Ведь откроет, тварь пронырливая. Коль захочет, так непременно. Викентий привстал, прежде чем к женщине снова обратиться, прикрыл плешь милицейской фуражкой.
– Вы, товарищ парторг…
– Подполковник, – милостиво поправила она.
– Так точно! Не желаете ли пройти непосредственно в КПЗ? Там удобней будет разговаривать.
– Да, пожалуй, – мгновенно согласилась генерал-баба. – А вы, товарищ лейтенант, пока ищите основания для освобождения товарищей.
И для вящей убедительности ткнула пальчиком в грудь шнырка, в то место, где блистали воинские награды. И за решетку вошла важно, будто в президиум поднялась. Любо-дорого посмотреть! Бывают же на свете по-настоящему красивые женщины! Волосы – будто перья Жар-птицы. А глаза! Викентий побаивался пялиться на грудь летчицы в открытую, но, не в силах побороть соблазн, посматривал тайком. А летчик-лейтенант, тот, что речистый и в шелках, хоть и пьяный вдрабадан, не сводил с него глаз, лыбился, будто познал заветное. Чего смешного-то нашел? Сам – обломанная оглобля, недолговечный мотылек, а туда же: в открытую насмехается над блюстителем законности! А летчица мало того, что хороша, но и вообще умная баба. Понимала, куда идет. Знатное тело не шелками-бархатами прикрыла, а подполковничьей формой. Ордена и петлицы – всё напоказ. Да что и говорить, форма сидела на ней лучше, чем на иной кинодиве вечерний туалет. Но под полковничьей формой – просто баба. И этот неуемный шнырок – летчик-капитан, всей компании отважный командир – явно обладал ею, самым конкретным образом обладал. И телом владел и душой. Впрочем, он-то как раз считает, что души у человека нет. Есть что-то там в голове, как бишь его? Ум! Мозг! Да у шнырка и умишка-то не слишком многовато. Да и тот отчасти уж пропит. В такое-то трудное время, когда социалистическое отечество вооружается, готовится к сражениям и победам, он давит автомобилями котов и доводит до обморока юных девиц!

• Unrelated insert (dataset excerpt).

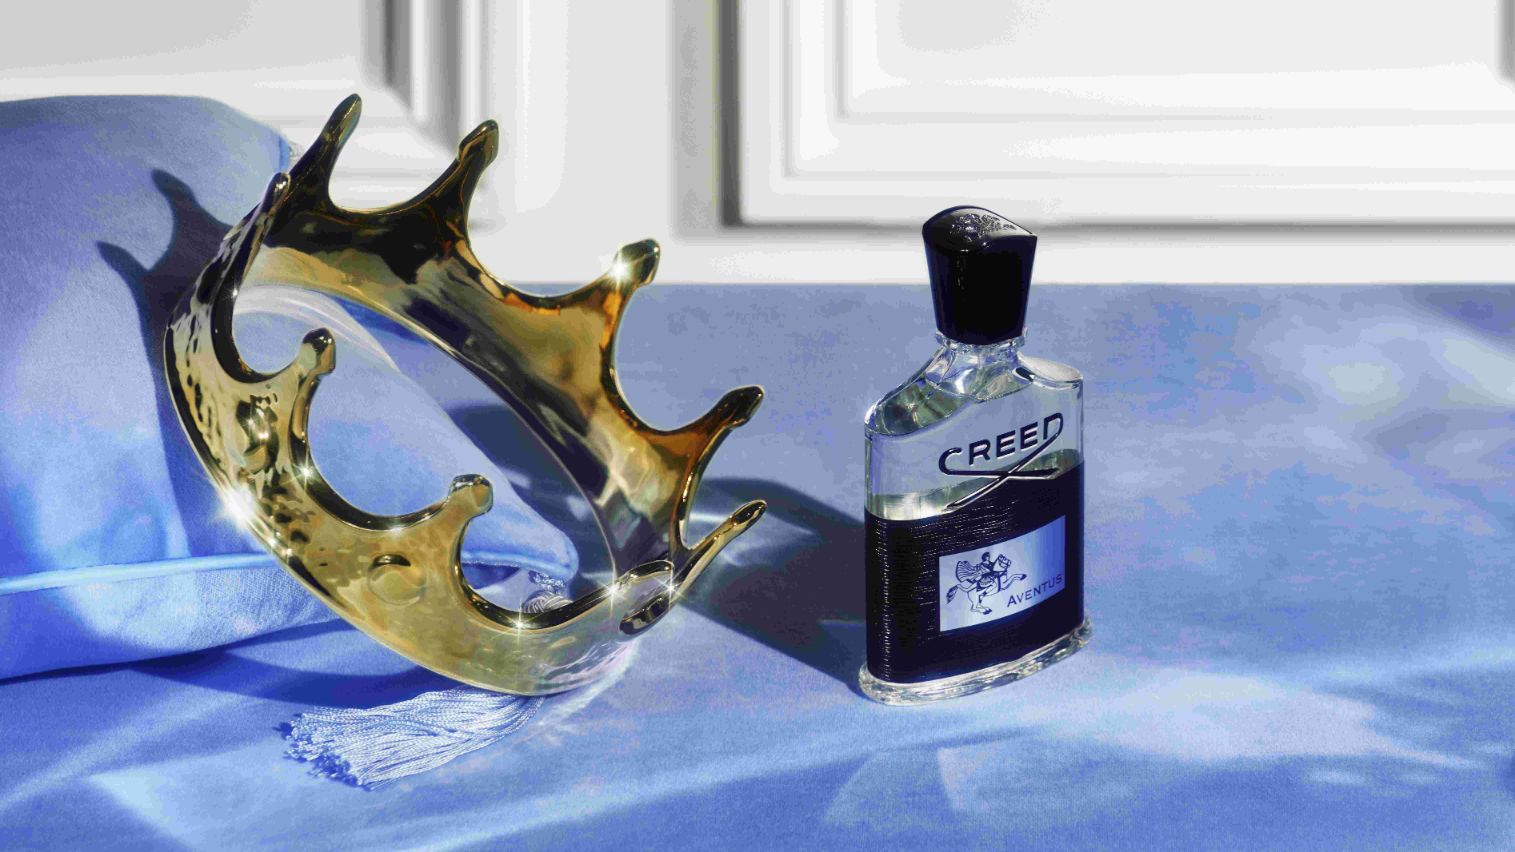 nước hoa Creed Aventus AH Perfumes nước hoa AH Perfumes 2 2 Creed Aventus   Hương thơm cổ điển dành cho người kỵ sĩ hiện đại

Наконец летчице удалось ухватить нарушителя порядка за запястье. Тот покочевряжился да и замер. Глазами вертит, отдувается. Что делать, если он прямо здесь, в комнате для задержанных, набросится на неё? Можно ли это допустить? Эх, она уж его обнимает! Нет, пожалуй и не набросится. Не сейчас. Обмяк, расслабился. О чем она ему толкует?